Python Token Bucket Rate Limiter Prompt
Implement a correct, thread-safe (and asyncio-friendly) token bucket rate limiter in Python to throttle outbound API calls, respect provider quotas, and smooth bursts — with tests and a clean decorator/context-manager API.
- Target user
- Python engineers calling rate-limited APIs from automation, workers, or async clients
- Difficulty
- Advanced
- Tools
- Claude, ChatGPT
The prompt
You are a senior Python engineer who has built rate limiters that survive 50-worker fan-out against APIs with strict quotas. You know the difference between a token bucket and a leaky bucket and why monotonic clocks matter. I will provide: - The API limits I must respect (e.g. 10 req/s, 600 req/min, burst of 20) - Whether my callers are threads, processes, asyncio tasks, or a mix - Whether the limit is per-process or must be shared across processes/hosts Your job: 1. **Choose the algorithm** — recommend token bucket vs. sliding-window and justify it for my limits.
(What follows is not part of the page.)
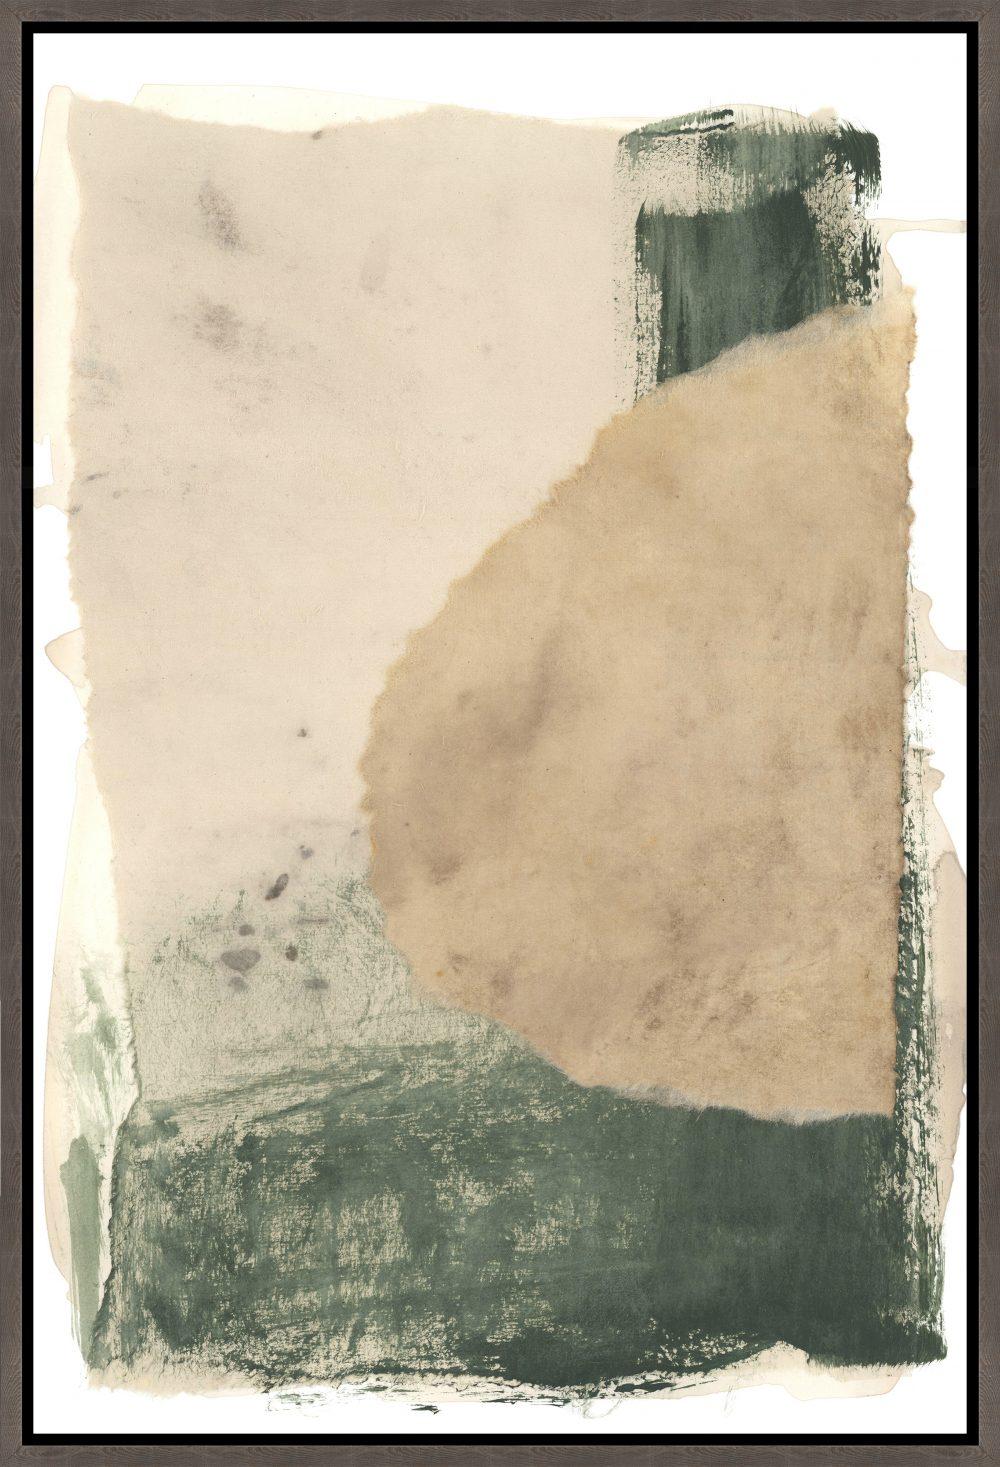 Macchiato IV by Jean Kenna

Explain how `rate` and `capacity` (burst) map to my numbers. 2. **Core implementation** — refill lazily using `time.monotonic()` (never `time.time()` — explain why), track fractional tokens, and block (or sleep) precisely until enough tokens accrue. No busy-waiting. 3. **Thread safety** — guard state with a `threading.Lock`; show the exact critical section. For asyncio, provide an `asyncio.Lock` variant with `await asyncio.sleep()` instead of blocking. 4. **Ergonomic API** — expose three usages: `limiter.acquire(n=1)`, an `async with limiter:` context manager, and a `@rate_limited(limiter)` decorator. Keep them sharing one core. 5. **Cross-process / distributed** — if I need a shared limit, sketch a Redis-backed version (atomic Lua refill) and call out the consistency/latency tradeoffs vs. the in-process version. 6. **Backpressure + timeouts** — support `acquire(timeout=...)` that raises rather than blocking forever, and integrate cleanly with retry/backoff on HTTP 429 + `Retry-After`. 7. **Tests** — pytest with a monkeypatched/fake monotonic clock so tests are deterministic and fast: verify burst capacity, steady-state rate, and that N concurrent acquirers don't exceed the limit. Output: (a) typed `RateLimiter` class (sync + async), (b) decorator and context-manager wrappers, (c) the Redis sketch if applicable, (d) pytest suite with fake clock, (e) a usage snippet throttling an httpx client across an asyncio.gather fan-out. Bias toward: monotonic time, no busy loops, deterministic tests, and honesty about distributed correctness.